『牟田口廉也 「愚将」はいかにして生み出されたのか』(広中一成著、星海社新書=136)
牟田口の基本スペックは高い。それは、恐らく軍務官僚としてである。だが、軍内の政治バランスにより、現場に投入された。彼の軍人としての世界観は、武士道の「葉隠」であり、それに基づく「熊幼精神」であった。精神は大事だけど、精神でどんな困難も乗り越えられる、的な。現場で精神主義が全てに優先したら悲惨である。これへの反省こそが戦後日本の復興を下支えしたのだが、近年のブラック企業問題を見ると変にぶり返しているようだ。というのはともかく。

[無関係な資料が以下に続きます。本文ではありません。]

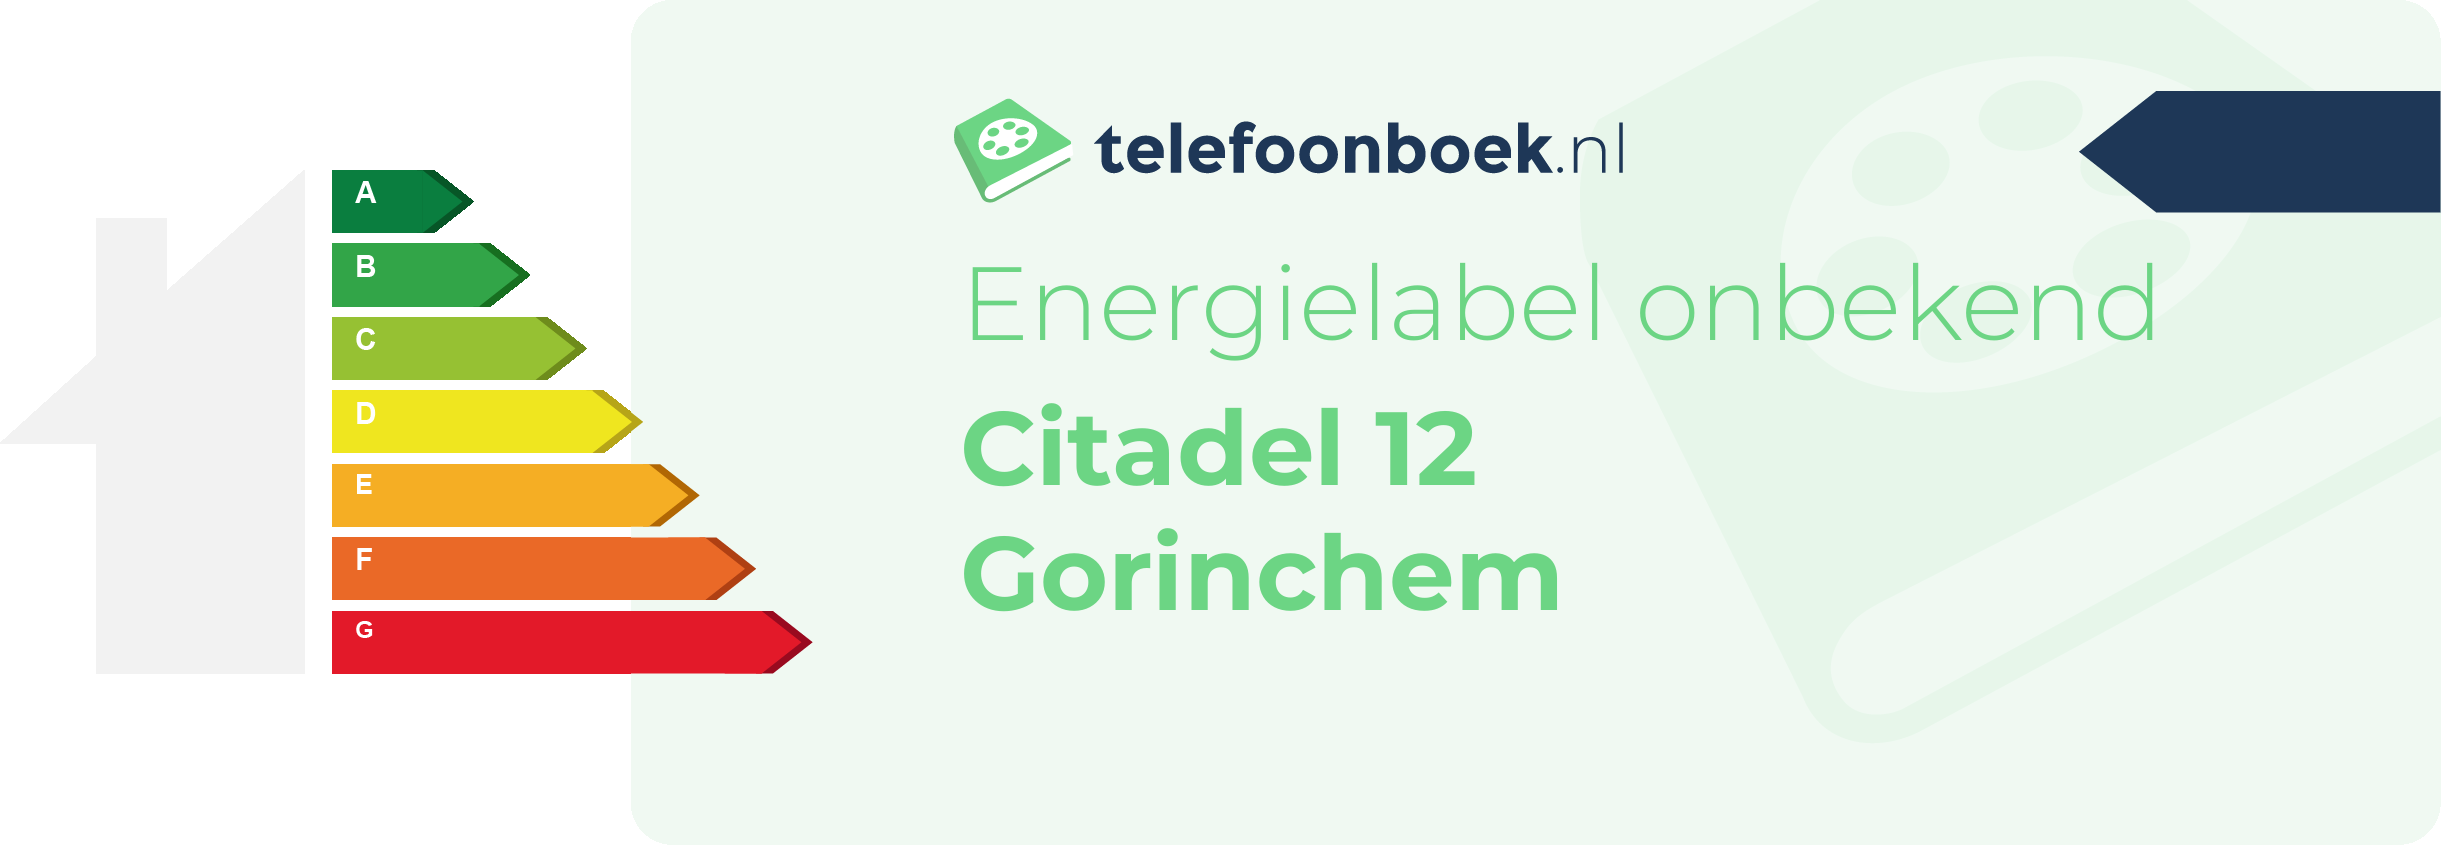 Energielabel Citadel 12 Gorinchem
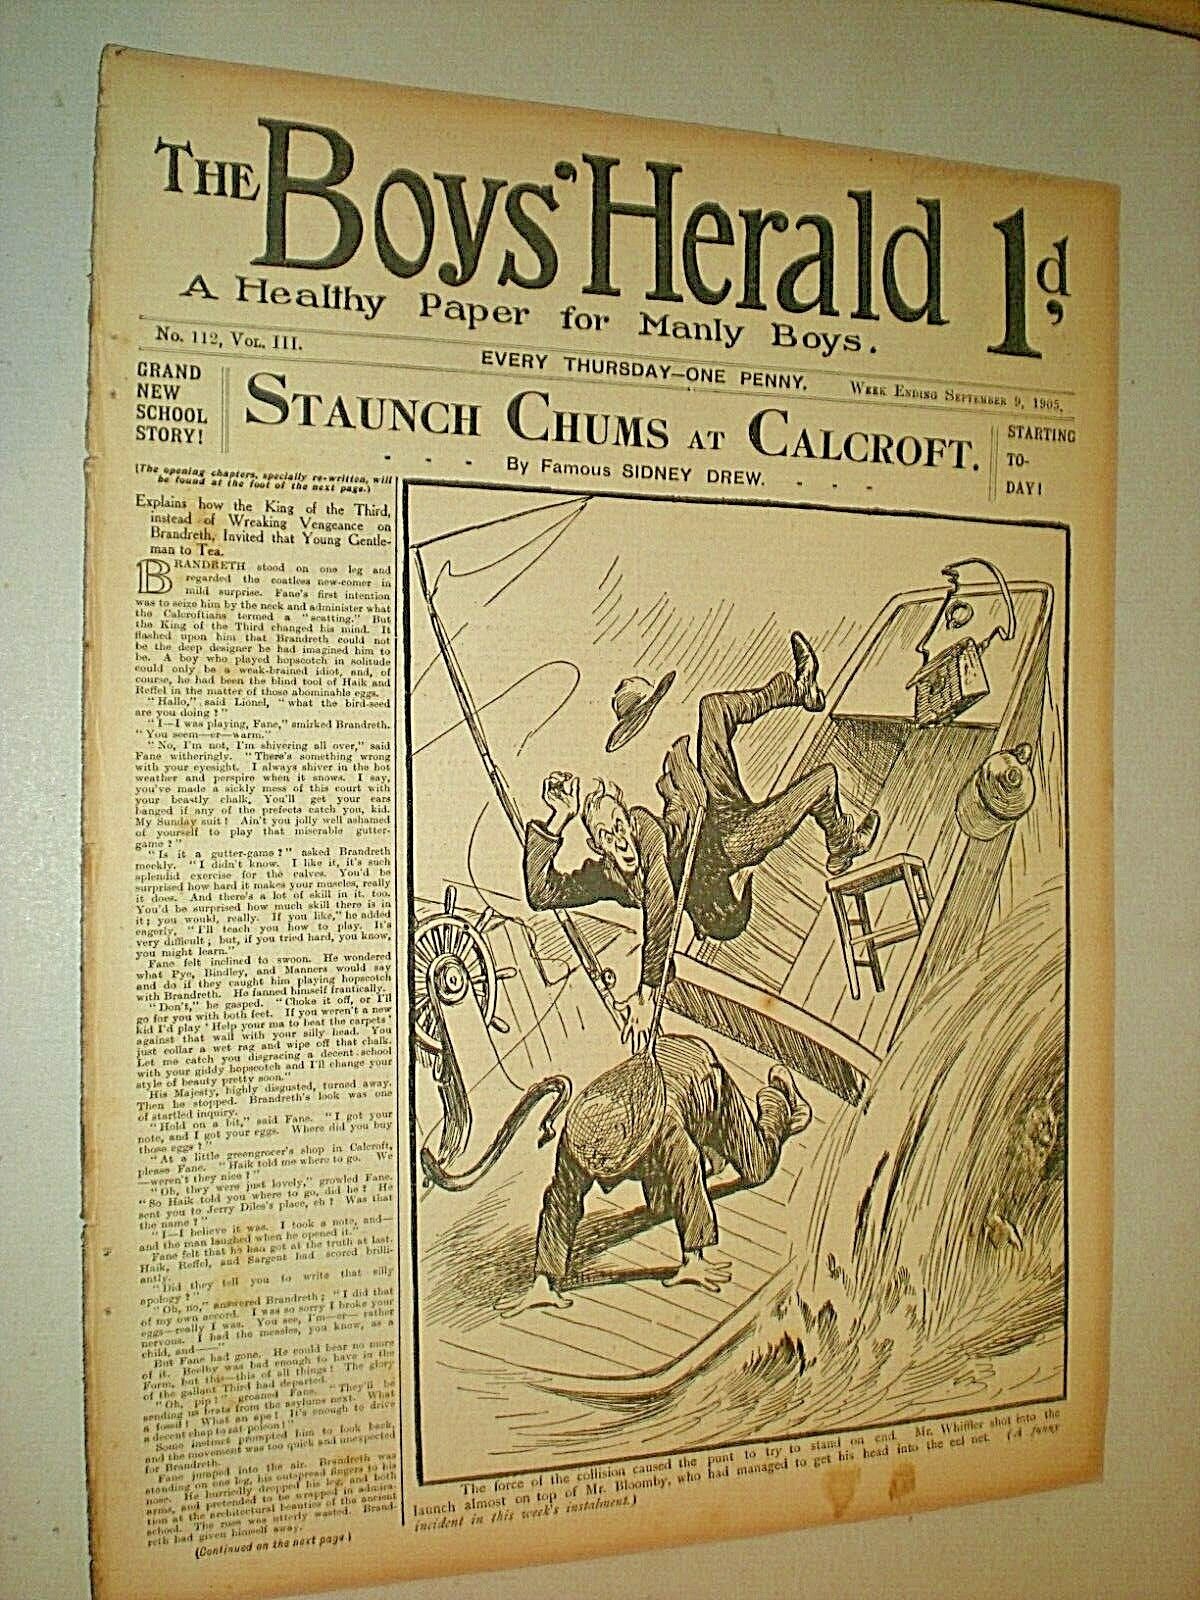 THE BOYS HERALD. SEPT 9th 1905. BOYS SCHOOL & ADVENTURE STORY PAPER. COMIC

牟田口を「愚将」たらしめたのは、牟田口の資質だけではない。山本七平の言う「空気」「忖度」も重要な要素であった。インパール作戦に反対する人のほうが実は多かった。だが、上官河辺は牟田口の情熱にほだされたし、世界史に詳しい知人は「東條がインドのチャンドラ・ボースの演説に感激し、インパールに最終的に加担した」という東條のロマンティシズムを挙げたし。要は、日本の情に流されるシステム、人間関係に左右される組織の人事が牟田口を「愚将」にしてしまったのだ。